As drone cameras have developed, so have the opportunities for operators. Of specific value to ranchers now is the capability to add cameras to identify animals with their heat signatures. For J.D., the time savings simply makes the feasibility of one day with infrared technology at Spring Creek Ranch quite exciting.
“If you go prowling around looking for strays, you can kill a week in a hurry,” he said. “Or, you could shoot a drone up in the air and, in a matter of hours, cover a large percentage of the ranch. That’s key because those cattle are going to keep moving.”

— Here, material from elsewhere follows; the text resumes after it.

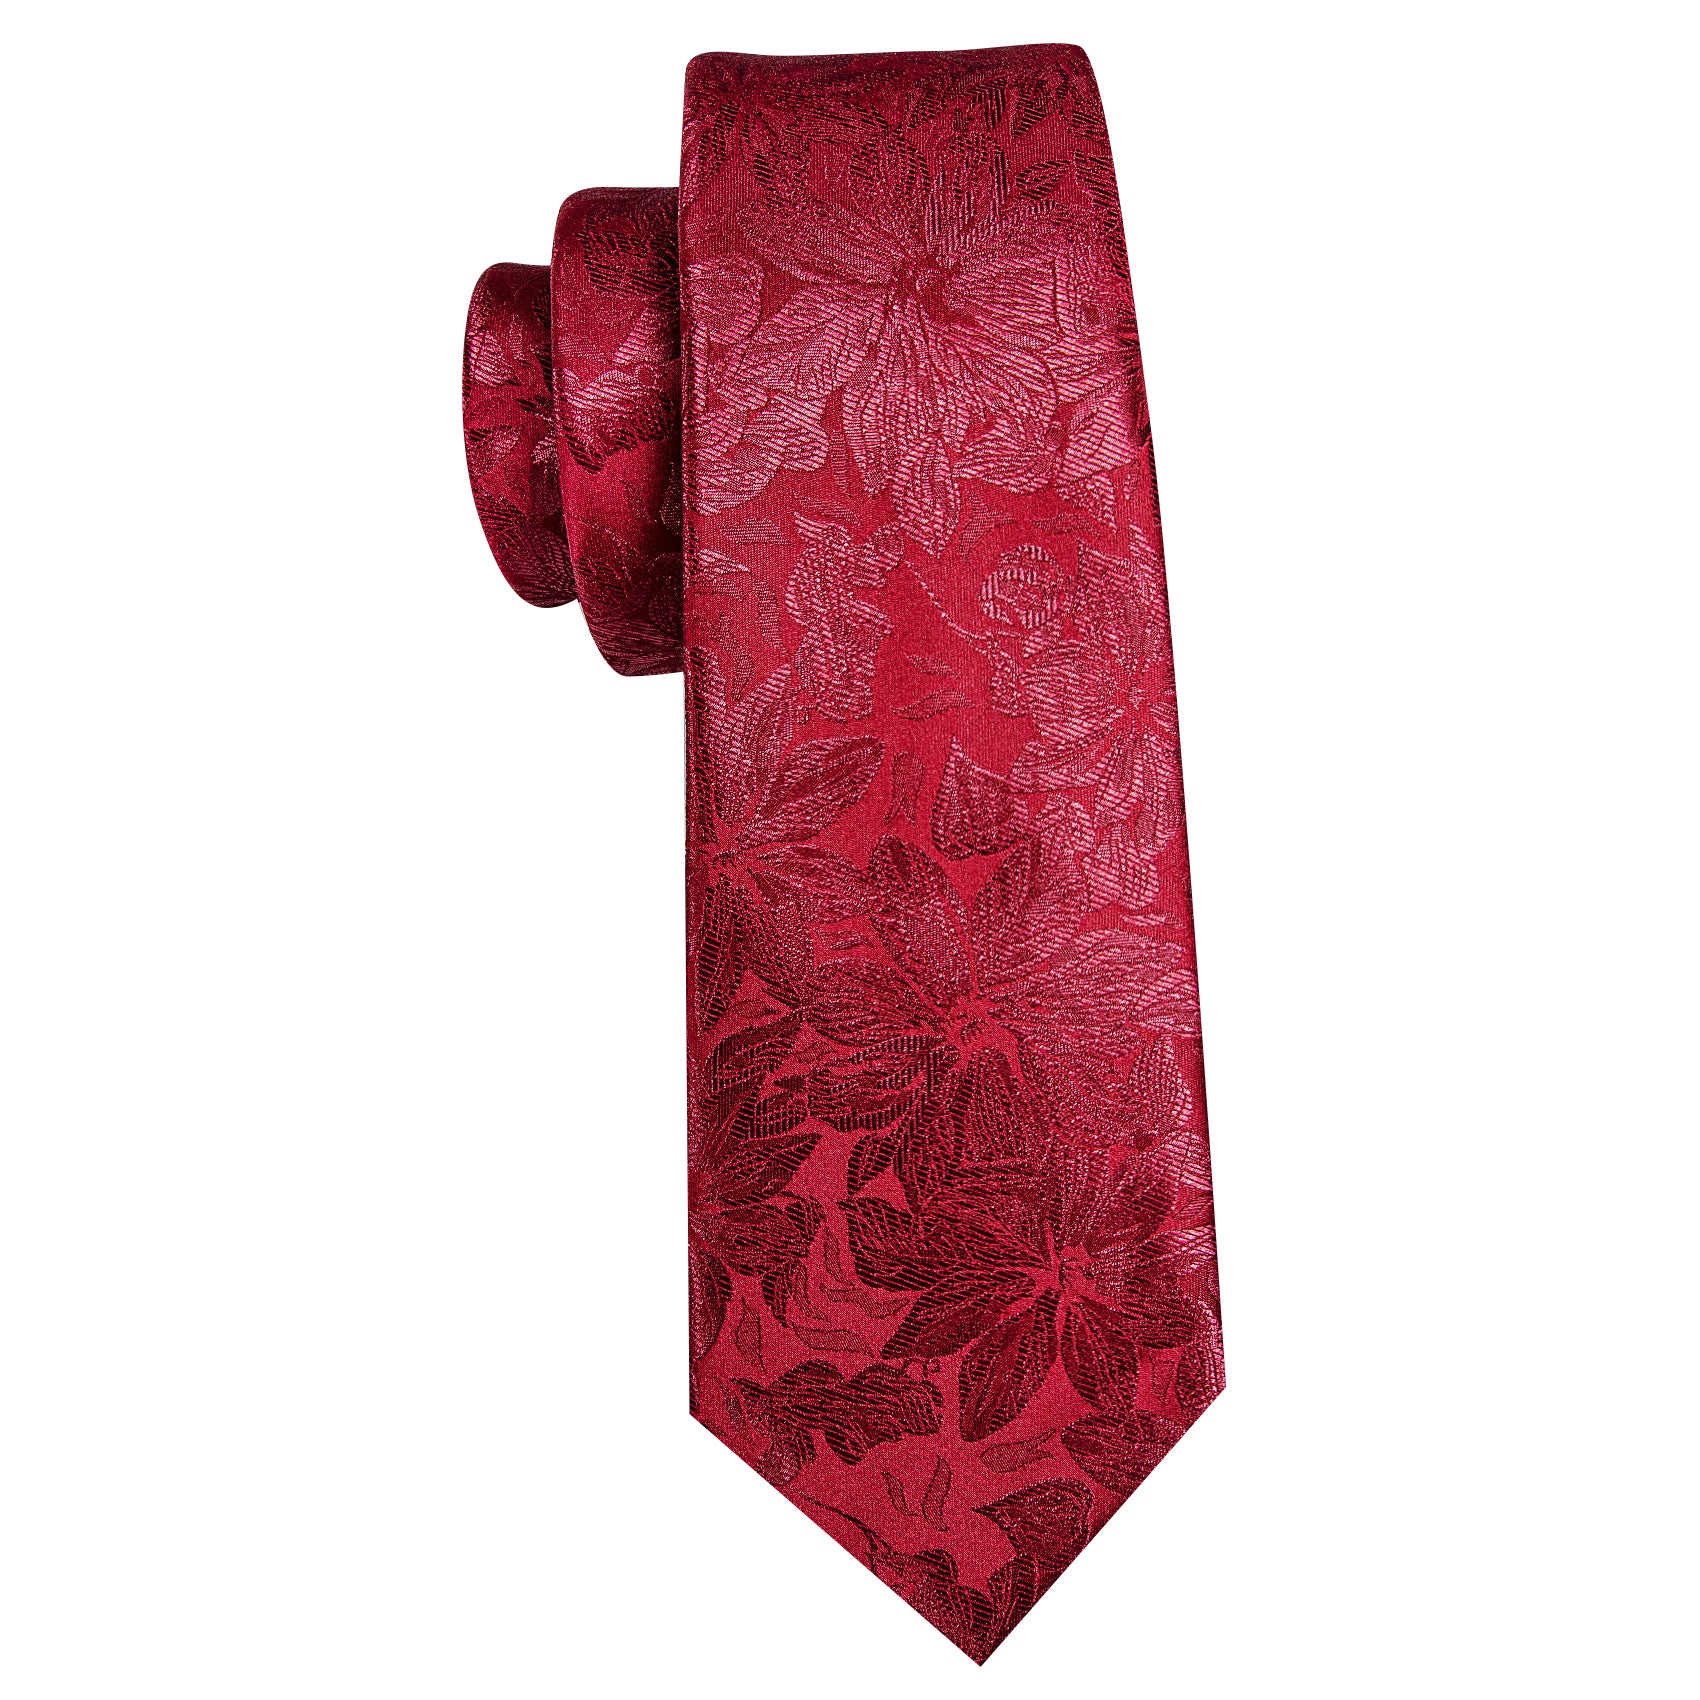 Dark Red Flower Silk Tie Handkerchief Cufflinks Set

The enactment of new technologies has been permanent for J.D. He started serving for Matador Cattle Company. He credits the growth of the company’s cattle breeding work to experimentation with DNA testing, artificial insemination, and embryo transfer. But, apart from the future potential of drones on the ranch, there’s one technological progress he still thinks to be one of the most significant – the smartphone.
“I don’t know how we ever did without them,” said J.D. “Just the instant communication and amount of data that’s at your fingertips. Before, if we had a problem with an animal, it might take three or four days to get an answer from a veterinarian. Now, you can research symptoms on your phone and have a pretty good idea of what the problem is before talking with the veterinarian.”
However, even modern technology has its limitations out ranch. Telling one of his institute professors, J.D. says “Models don’t make decisions, managers do.”. To put it differently, informed decisions are going to need human input.
“There are some things we’ll continue to do traditionally that we all hold dear, but to be able to be productive and innovate and experiment has been very rewarding over the years.”